How to perform a Snatch Balance: technique and tips

Introduction to the Snatch, one of the most complicated exercises in CrossFit.

What is the Snatch Balance?

The Snatch balance is a very common exercise in cross training workouts, better known as CrossFit. It’s a type of weightlifting that involves quickly lowering yourself under a barbell from an elevated position and catching it in a full squat position. The movement is used to improve speed, agility and accuracy in the snatch, which is another weightlifting exercise that involves lifting the barbell from the ground to a raised position overhead in a single fluid movement.

 

 

 

Snatch Balance Benefits

The Snatch balance is a highly effective exercise for improving technique, strength and flexibility in weightlifting. More specifically, here are some of the benefits of the snatch balance:

  • Improve snatch technique.
  • Develop strength and balance.
  • Improve mobility.
  • Increase speed.
  • Increase confidence.

How it impacts the Snatch technique

 

Which muscles are worked in the Snatch Balance

The Snatch balance is a weightlifting exercise that works various muscle groups in the body, including:

  • Legs: The quadriceps, hamstrings, glutes and calves are the main muscles activated during the snatch balance.
  • Shoulders: The shoulders are also an important muscle group used in the snatch balance, as they are responsible for lifting the barbell overhead and holding it in place while lowering yourself under it.
  • Abs and back.
  • Hip flexors: The hip flexors are also activated during the snatch balance, as they are used to quickly lower yourself under the barbell and reach the full squat position.

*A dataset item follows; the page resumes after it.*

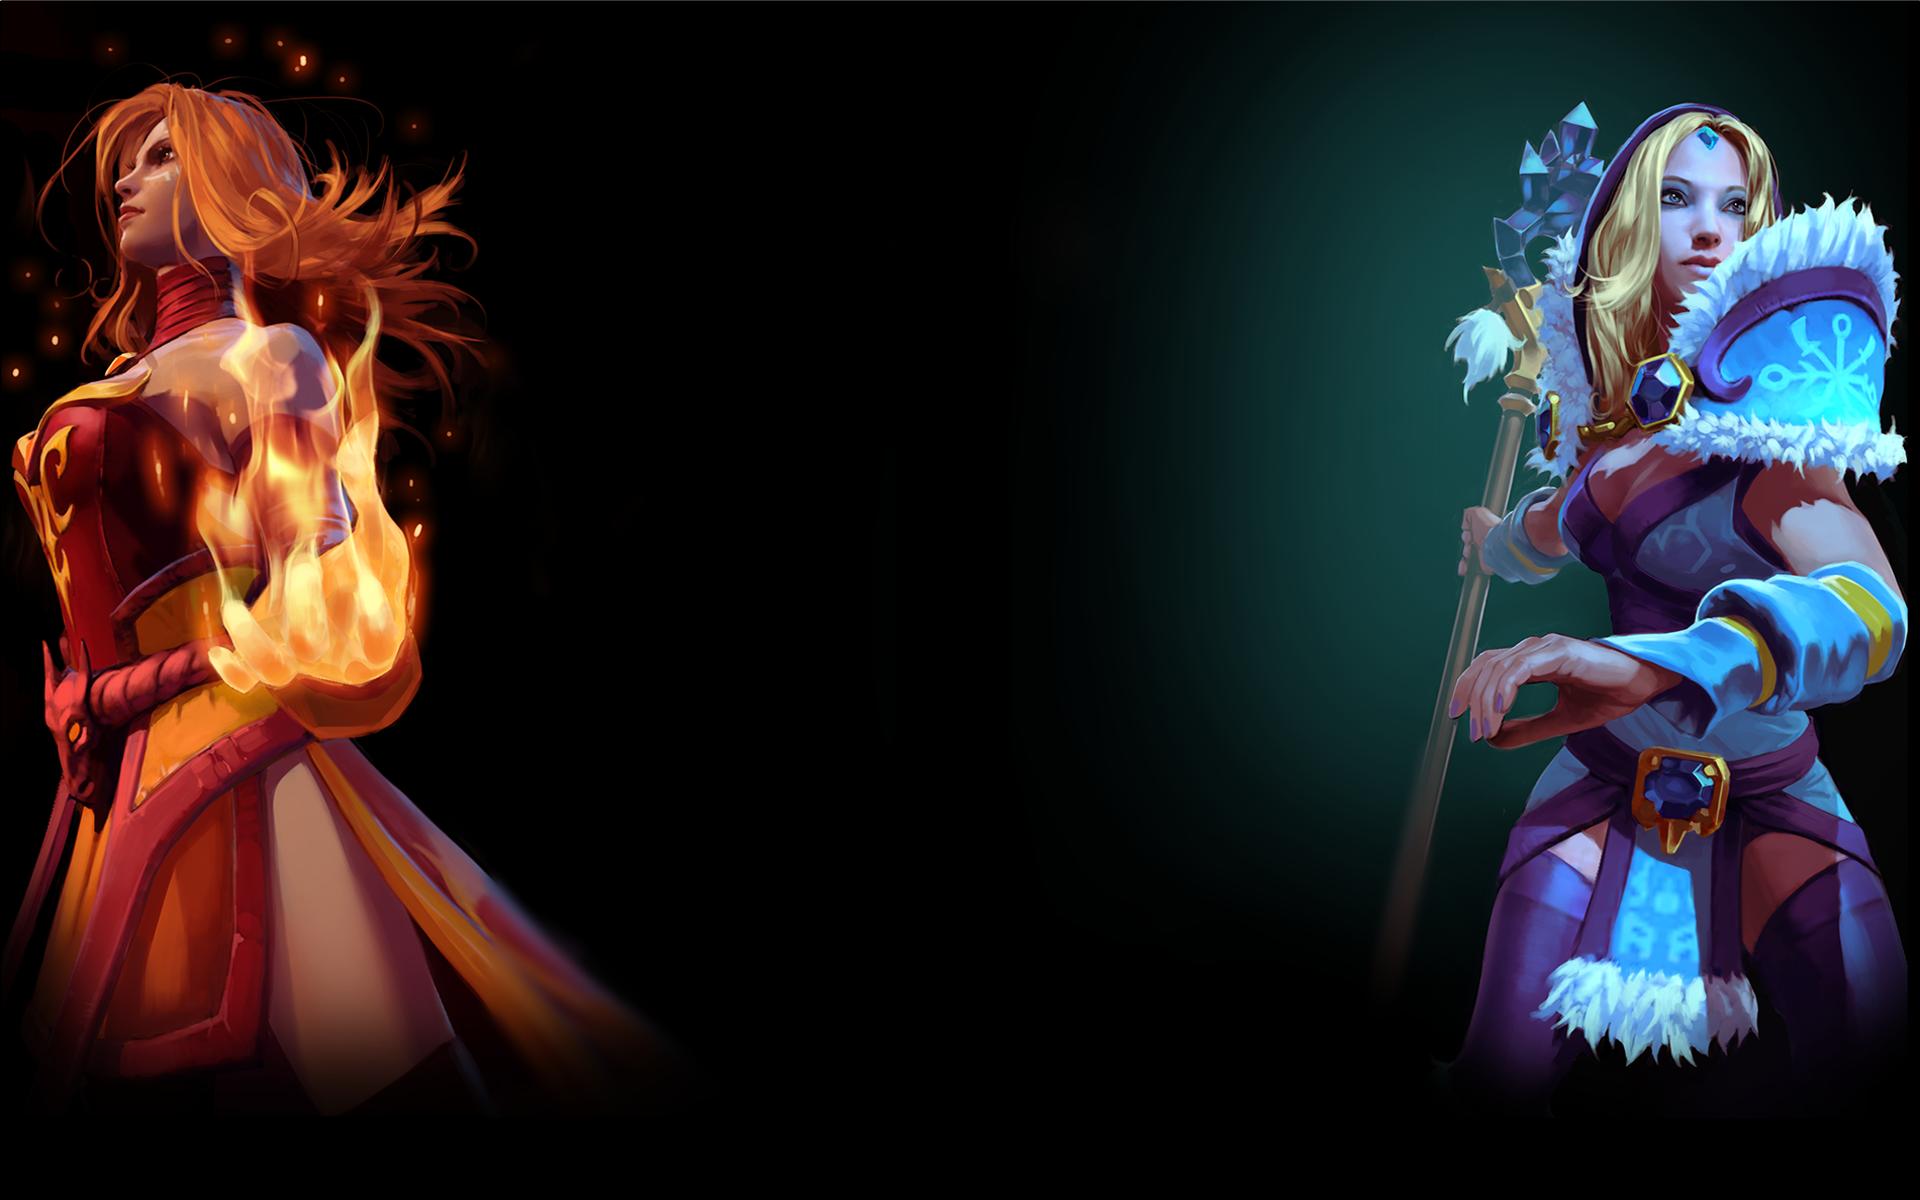 Lina and Crystal Maiden   DotA 2 Wallpaper 4849 1920x1200

In general, the snatch balance is a full body exercise that requires a great deal of strength, stability and muscular coordination to perform successfully.

 

Snatch Balance Technique

To perform a snatch balance, follow these steps:

  • Start with the barbell at shoulder height, feet shoulder width apart and elbows pointing towards the floor.
  • Squat down slightly and then with a burst, bring the barbell up over your head, stretching your arms out.
  • Immediately after reaching the standing position, begin to lower yourself under the barbell, bending your knees and dropping into a full squat position.
  • Make sure your knees are in line with your feet and that you maintain good posture while holding the barbell raised.
  • Then stand back up and push the barbell up, returning to the starting position.

 

 

Common mistakes in performing a Snatch Balance

The Snatch balance is one of the most technical and demanding exercises in cross training workouts (better known as CrossFit), so it’s not uncommon to make some mistakes when performing it. Some of the most common mistakes in the snatch balance include:

  1. Lack of balance.
  2. Bad technique.
  3. Lack of strength.
  4. Bad posture.
  5. Not warming up properly.

It’s important to work with an experienced coach to ensure that you perform the snatch balance correctly and fix any technique issues.